La parole est à Mme Martine Billard.
Monsieur le rapporteur, vous avez complété l'alinéa 2 de l'article – lequel englobait initialement les délits de contrefaçon – par la précision suivante : « lorsqu'ils sont commis au moyen d'un service de communication au public en ligne. »
Le texte fait donc du sur-mesure. Cette addition est d'ailleurs comparable à celle qui, à l'alinéa 5, donne aux ayants droit la possibilité de se constituer partie civile dans le cadre d'une ordonnance pénale, ce qui est tout à fait nouveau. De telles dispositions sont spécifiques au délit de téléchargement abusif sur internet. Mais quelle différence y a-t-il entre ce délit et la reproduction de CD ou de DVD sans accord de l'auteur ? Que le support soit matériel ou non, la situation est la même : pourquoi faire une exception pour le téléchargement en ligne ? Les alinéas 2 et 5 font du sur-mesure, ce qui nuit à la loi. Celle-ci doit rester générale et s'appliquer à toute contrefaçon portant atteinte au droit d'auteur.
Défavorable. Il faudrait savoir ce que vous voulez, madame Billard. Vous affirmiez qu'il fallait tenir compte des réalités de la contrefaçon à l'ère numérique ; c'est bien le cas avec la rédaction proposée.

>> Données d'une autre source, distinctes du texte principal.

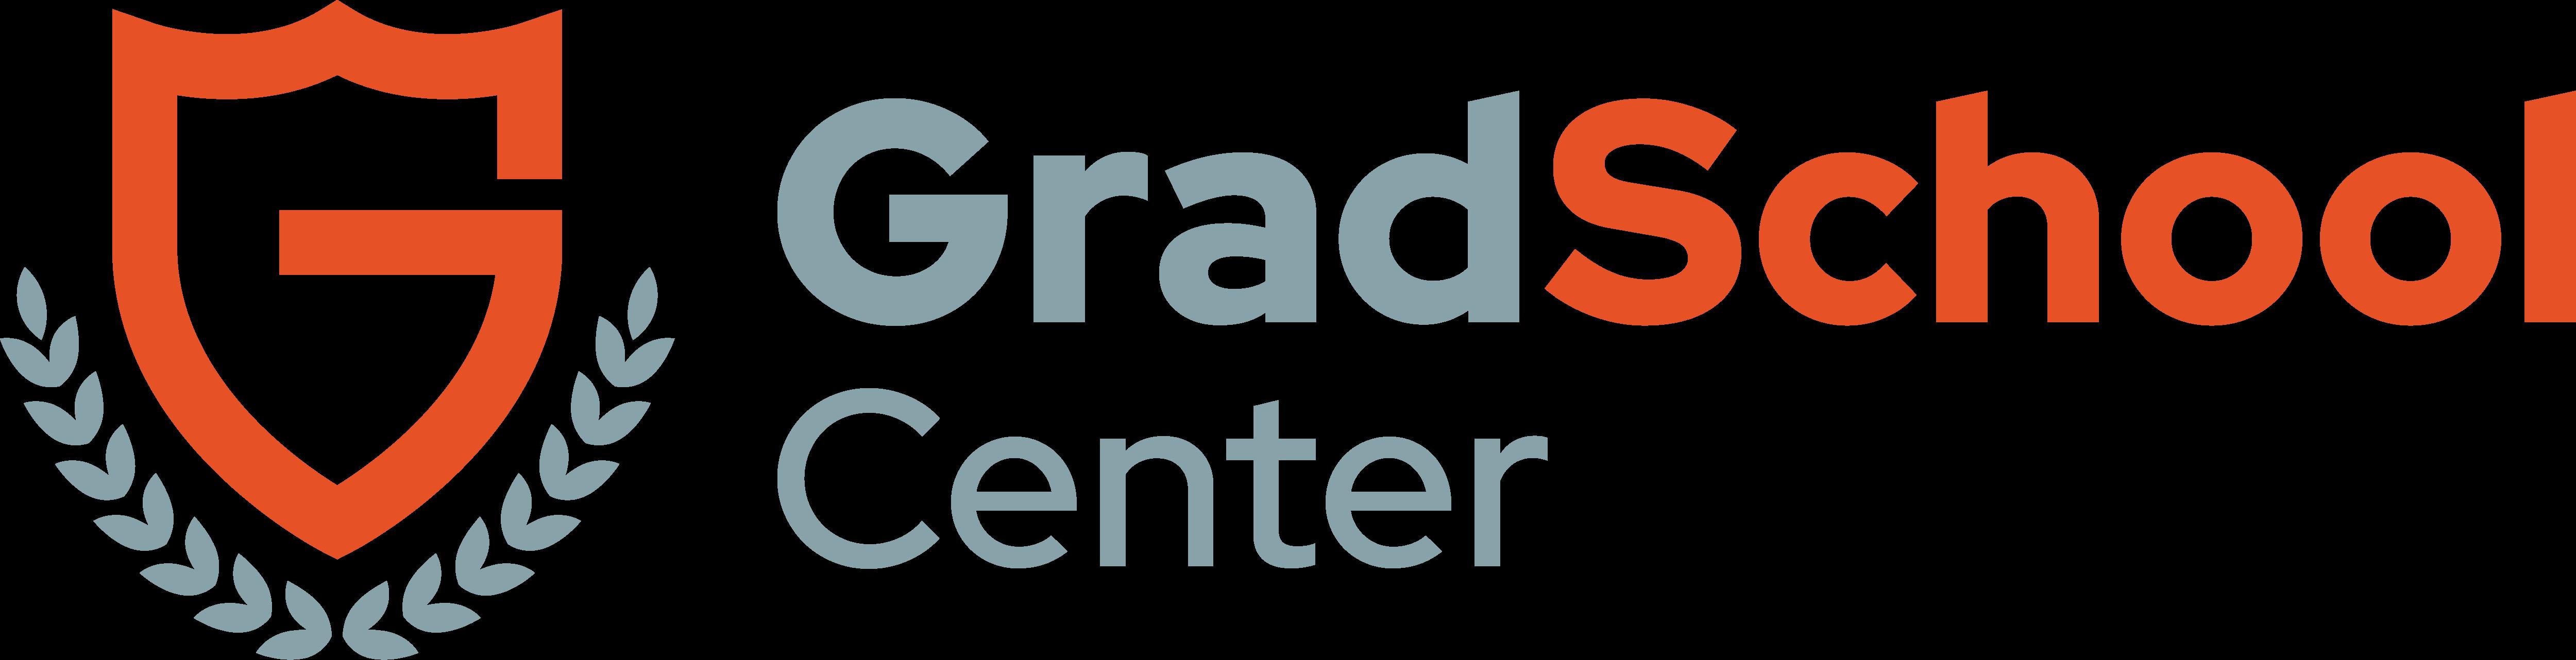 GradSchoolCenter

Je ne vois donc pas pourquoi vous êtes opposée à cette spécification de l'ordonnance pénale.
Très bien !
(L'amendement n° 520 , repoussé par le Gouvernement, n'est pas adopté.)
Notre rapporteur manque un peu d'esprit dialectique : son raisonnement suit le principe du tiers exclu qui était en vigueur au Moyen-Âge – « ou bien… ou bien » – ; or, depuis, la pensée a évolué. (Exclamations sur les bancs du groupe UMP.)
L'extension de la procédure simplifiée, définie à l'article 495 du code pénal, constitue, en matière de contrefaçon, l'un des éléments les plus alarmants de ce nouveau projet de loi.
Madame la garde des sceaux, monsieur le ministre, vous vous apprêtez à mettre en place une procédure pénale expéditive, dans l'irrespect le plus total du droit au procès équitable défini par l'article 6 de la Convention européenne des droits de l'homme. En effet, cette procédure simplifiée ne s'accompagne d'aucun débat contradictoire et d'aucune enquête judiciaire.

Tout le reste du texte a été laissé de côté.